Он решился и легонько надавил на дверь. Дверь открылась, бесшумно и легко, но Одинокое Сердце вздрогнул, как будто раздался протяжный заунывный скрип, разбудивший всех соседей. Одинокое Сердце вошел в прихожую, не прикрыв дверь, снова прислушался. Показалось, что в квартире кто-то есть, хотя он не услышал ни звука. И еще появилось ощущение западни. Захотелось покинуть квартиру, но Одинокое Сердце решил, что глупо упускать даже мизерный шанс что-то выяснить.

Он двинулся вглубь квартиры. Одна комната, другая, и, наверное, кухня. Одинокое Сердце остановился, оглядываясь. Напряжение ослабло, на смену пришло недоумение. Никого в квартире не было. Торшер горел в самой большой комнате, кровать там была смята, недавно здесь кто-то валялся, но больше никаких следов.

— Что ж это такое? — пробормотал Одинокое Сердце и в этой тишине вздрогнул от звука собственного голоса. — Никого… а дверь не заперта…

Когда он выходил из комнаты, на миг ему показалось, что на кровати кто-то лежит. Одинокое Сердце едва не вскрикнул. Кровать была пуста. Одинокое Сердце покачал головой, виновато улыбнулся, словно на него кто-то смотрел, и ему стало стыдно за свой испуг.

Побродив по квартире еще немного, Одинокое Сердце вышел. Уже рассвело. По углам еще прятались черные тени, но они слабели, таяли и были обречены.

Одинокое Сердце шел, глядя себе под ноги, не в силах избавиться от странных, противоречивых ощущений. С одной стороны он чувствовал, что чего-то не заметил и, значит, упустил свой шанс. С другой стороны интуиция нашептывала, что он избежал чего-то настолько ужасного, что даже беседа с Черным Пальто на мосту самоубийц показалось бы мелочью.
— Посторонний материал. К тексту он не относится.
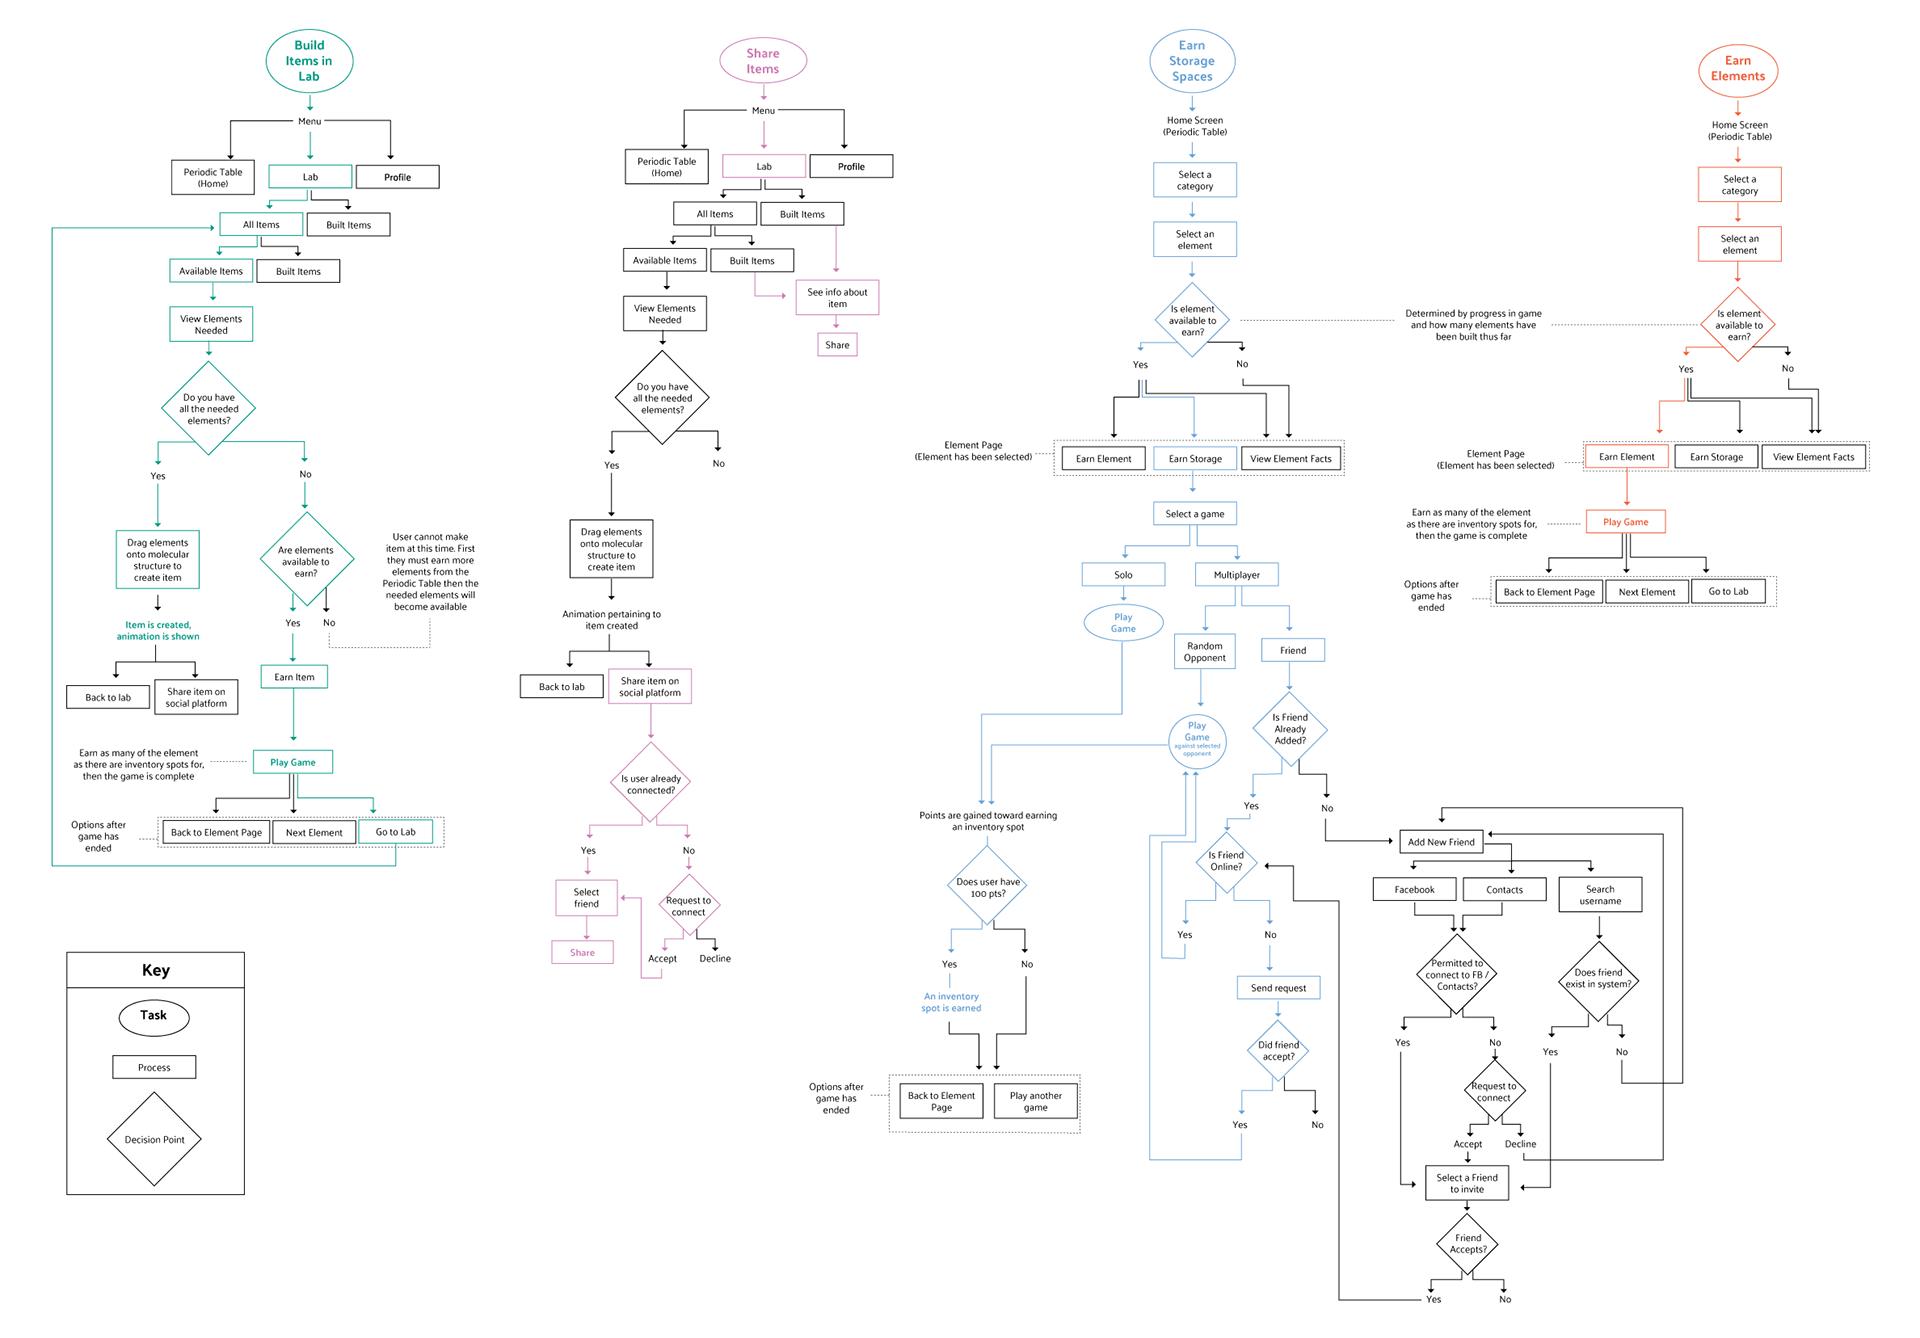 Taskflow

Не зная, как быть, Одинокое Сердце вновь решился старое средство: идти, идти, пока что-то не произойдет. Идти, несмотря на усталость.

23

Арсений побежал к входной двери, остановился, повернул назад. Снова бросился к выходу и снова назад. Это продолжалось несколько долгих минут. Он не понимал, что делает. Казалось, его тело металось, как птица в клетке, независимо от желания разума.

Наконец, Арсений остановился и посмотрел на валяющийся мобильник. Он не ослышался? Это действительно было? Что за бред?

Его рука потянулась к аппарату, отдернулась, снова потянулась. Он опустился рядом с аппаратом на колени, с испугом глядя на него, словно охотник, приближающийся к маленькому, но опасному, смертельно раненому зверьку.

Перезвонить? Что вообще происходит? С Лерой что-то случилось? Не просто случилось, хуже. Теща сказала, что ее больше нет! Она мертва?! И еще теща сказала, что это он толкнул Леру на это?

Нет!!!

Арсений вскричал, подхватил мобильник, набрал номер. Тещин телефон оказался недоступен. Арсений тупо смотрел перед собой, растерянный и удивленный, будто ничего подобного не могло быть. Он снова набрал номер, но механический голос сообщил, что аппарат вызываемого абонента недоступен. Арсений совершил еще одну попытку. И еще.

Это продолжалось неопределенное время — Арсений монотонно, как робот, набирал номер с тем же самым результатом. Казалось, уже механический голос начинал раздражаться, а упрямец по-прежнему давил на клавишу.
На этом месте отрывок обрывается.